CIUDAD JUÁREZ, CHIH.— Con el registro de dos asesinatos en lo que va de septiembre —incluyendo el hallazgo al suroriente de la ciudad de una mujer encontrada desmembrada—, la cifra de mujeres asesinadas en Ciudad Juárez durante 2026 ascendió a 39, de acuerdo con datos proporcionados por la Fiscalía General del Estado (FGE).
La estadística oficial detalla un acumulado de víctimas distribuido a lo largo del año: tres en enero, tres en febrero, tres en marzo, cuatro en abril, cuatro en mayo, diez en junio, tres en julio, siete en agosto y dos en septiembre.
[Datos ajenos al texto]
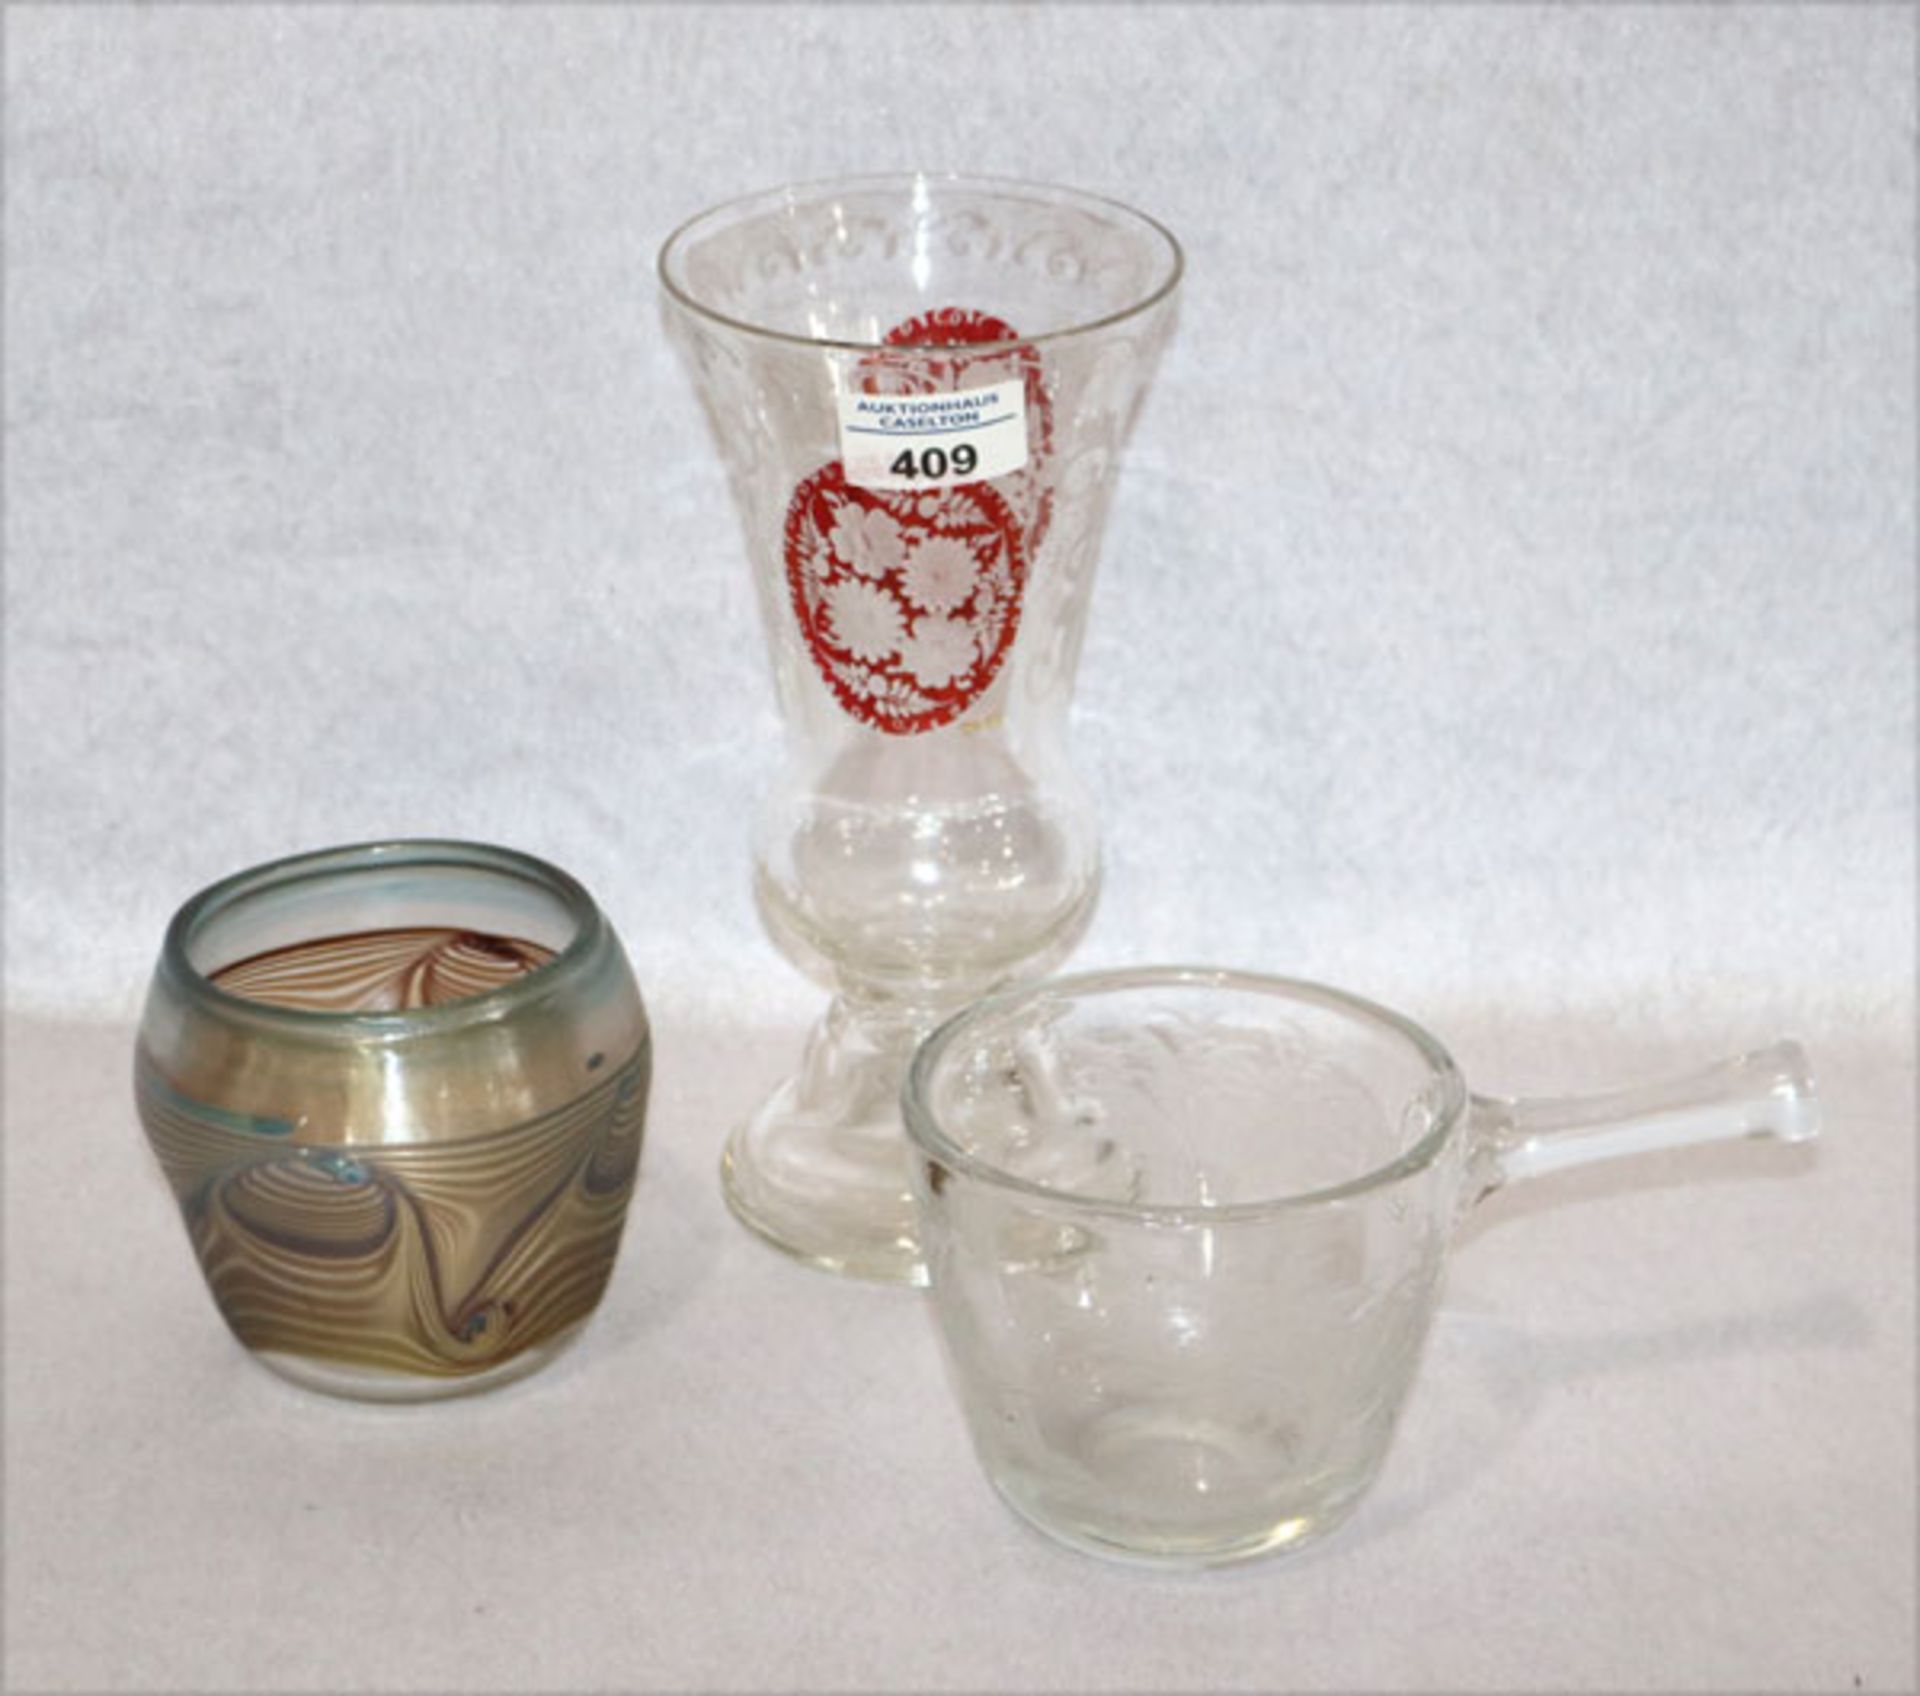 Glas-Konvolut: Pokalglas mit floraler Gravur, H 22 cm, D 10,5 cm, Stielgefäß mit Jagdgravur, H 10 cm

Ante este panorama, expertas en la materia advierten sobre la urgente necesidad de atender las señales de alerta antes de que la violencia escale a consecuencias fatales.
SEÑALES DE ALERTA Y LLAMADO A LA PREVENCIÓN Érika Espinoza, abogada penalista especializada en derechos humanos y perspectiva de género, señaló que la violencia feminicida rara vez surge de imprevisto, sino que suele estar precedida por conductas de control, celos extremos, aislamiento, humillaciones y agresiones previas.
Como ejemplo reciente, mencionó el caso de Miriam N. C., de 27 años, quien fue atacada con un cuchillo por su pareja sentimental la madrugada del 13 de septiembre, revelándose en audiencia que meses antes ya había sufrido un intento de estrangulamiento por parte del mismo agresor. La especialista enfatizó que antecedentes como el estrangulamiento, las amenazas de muerte o el uso de armas deben activar respuestas institucionales inmediatas.
Asimismo, cuestionó la eficacia de los protocolos actuales: “Una orden de protección tardía no protege. Una llamada de emergencia atendida horas después no previene. Una valoración de riesgo que se queda en un expediente no salva vidas”, sostuvo, al recalcar que la Fiscalía, corporaciones policiales y tribunales no deben operar como compartimentos aislados. Finalmente, hizo un llamado a la sociedad para dejar de romantizar los celos, romper el silencio ante la violencia de género y construir redes de apoyo efectivas para proteger a las mujeres y a la niñez en situaciones de vulnerabilidad.